Sì, lo so. È un approccio alla poesia che viene messo alla berlina nel film L'Attimo Fuggente. Ma in quel film si parla poco, e sempre male, di letteratura; il vero messaggio riguarda i pericoli del conformismo. 

John Keating, famoso per strappare i libri con cui non si trova d'accordo.

IL PROBLEMA DELLE TRADUZIONI
Ora, che il problema delle traduzioni in Italia sia reale, questo è fuor di dubbio. Ma quando si parla di poesia, e si confrontano i testi originali con quelli tradotti, bisogna andarci piano con le critiche: il compito del traduttore, per preservare la bellezza di una poesia, diventa prima di tutto quello di preservarne il suono, il ritmo, e poi il contenuto. Un procedimento che non lascia spazio alla traduzione letterale, se non da lingue molto vicine alla nostra - e di certo non, per esempio, dall'inglese o dal tedesco. La soluzione? Di inserire, a inizio di ogni raccolta, un'introduzione che istruisca il lettore sulla lettura fonetica, e poi tradurre letteralmente la poesia nella nostra lingua. In un'altra pagina, a fianco dell'originale, riportare infine la trascrizione fonetica della stessa. Il lettore potrà così prima leggere nella sua lingua il significato della poesia, e poi assaporarne il suono originale... o viceversa.

A CONTI FATTI
Ecco che, in poche righe, ho già fornito alcuni criteri per valutare la qualità di una poesia. Sono criteri oggettivi? No, perché oggettivare l'arte sarebbe un errore grave quanto soggettivarla, con buona pace di Gamberetta & C. (salute!). Ma sono criteri più rigidi del "qualunque cosa prodotta dall'animo umano", e credo che siano utili, almeno quando si legge una poesia brutta, per capire esattamente perché sia brutta; e per non lasciarsi ingannare dal falso ragionamento che, in quanto "arte", essa debba per forza essere bella, e guai a chi pensa il contrario.

...

EDIT in fretta e furia (14/03/2016)
Questo articolo ha generato una bella discussione nel gruppo FB Quelli della scrittura creativa@Scuola Carver, che ringrazio (e che vi invito a seguire). Molte persone, insomma, non si sono trovate d'accordo con me a proposito del primato del significante sul significato. Il loro è un punto di vista che capisco ma che non riesco a supportare. Forse, se avessi citato Borges, che condivide gran parte di quello che ho scritto, e i simbolisti francesi (la poesia come musica), la mia tesi avrebbe avuto maggior forza persuasiva.

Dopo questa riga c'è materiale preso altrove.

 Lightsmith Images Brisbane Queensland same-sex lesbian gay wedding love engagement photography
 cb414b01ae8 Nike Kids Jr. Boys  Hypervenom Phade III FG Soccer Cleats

Durante questa discussione è venuto fuori che, se ci basassimo esclusivamente sul suono, allora il Da Da Umpa dovrebbe essere considerato una poesia. Benissimo: innanzitutto non escludo che il Da Da Umpa avesse tutte le carte in regola per essere considerato arte o anti-arte, se fosse stato presentato all'interno di qualche corrente letteraria e non in un vaudeville televisivo (probabilmente in un'avanguardia storica).
Ma allora dove starebbe la differenza tra poesia e numero di varietà? Io credo che sia nella consapevolezza dell'artista. Nel lavorio segreto che porta alla poesia. Nello studio, nel sapere, persino nella collocazione storica e nell'intento del poeta. Insomma, in un terzo criterio che si affianca agli altri due: la coscienza dell'artista. Il problema è che essa difficilmente può essere valutata attraverso un testo anonimo, e sono restio a inserirla nell'articolo.